Inside SWT

Friday, April 24, 2009

Eclipse on Cocoa now full of sheet!

Ok, we are crazy but you have to live on the edge every once in a while to prove that you are still alive. Therefore, as part of the polish pass for Eclipse 3.5, we implemented Mac sheet windows.

A sheet is a temporary dialog that is attached under the title bar of the parent window like this:



The idea behind a sheet is that the parent window and the sheet are tightly coupled and won't get lost in the window stack. On Windows and other platforms, this is achieved by bringing all windows that are blocked forward, along with the dialog, when the user clicks on either the dialog or a blocked window. With a sheet window however, there is no visual confusion or mess on the desktop. The sheet is contained within the parent window.

When sheets were first introduced on the Mac, they frustrated me. They appear with a wondrous sliding animated fanfare (whoosh!), prompting me while simultaneously blocking the content I need to see to answer the prompt. Thanks a lot! At the time, I considered this a typical case of style over substance but since then, I have lightened up and just hit cancel like everyone else.

When is a dialog a piece of sheet?

At first we thought that all dialogs were sheet, but we were wrong. There are dialogs in the world that are not sheet, for example, wizards. Then we thought all message boxes were sheet, but that was wrong too. A message box that warns of a preference change and offers to restart Eclipse is not sheet.

Bottom line: You need to decide which of your dialogs are sheet. Eclipse can't do it for you and neither can SWT.
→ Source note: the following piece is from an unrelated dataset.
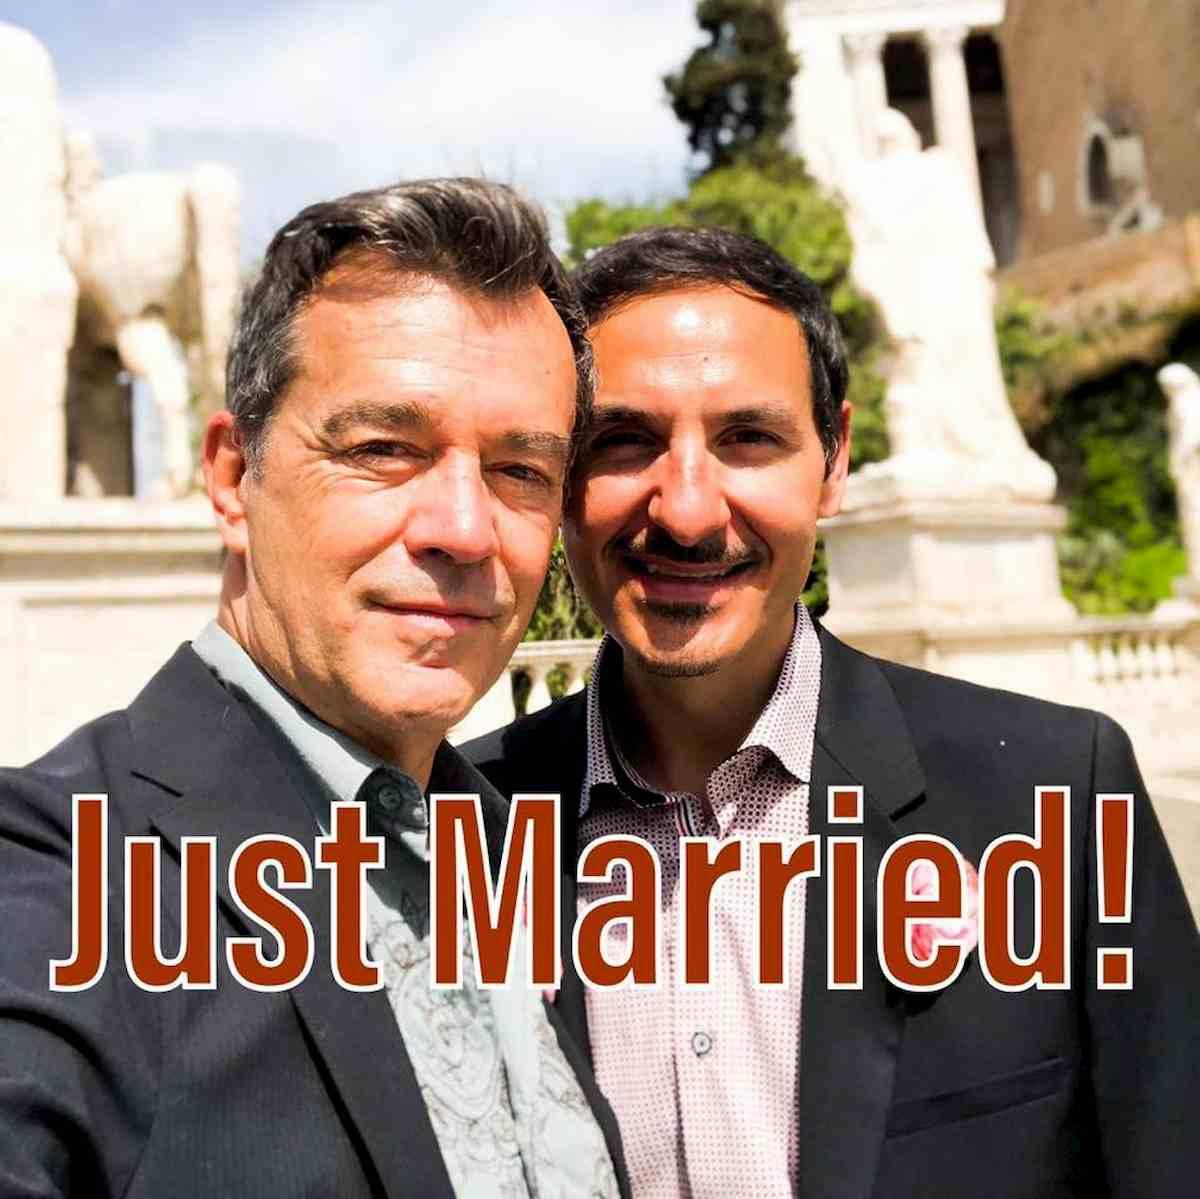 Il mitico Jean-Claude si è sposato. Il comico, al secolo Marcello Cesena, si è unito civilmente col compagno Alessandro Iovine.

To implement sheet, we added a single style bit SWT.SHEET that you can set on a dialog when it is created. This is typical SWT: a tiny API exposes tons of functionality. For example, the underlying Cocoa API for sheets has a special API to hide and show sheets rather than overloading the regular window hide and show API. We chose to use a style bit and keep the Control.setVisible() API the same.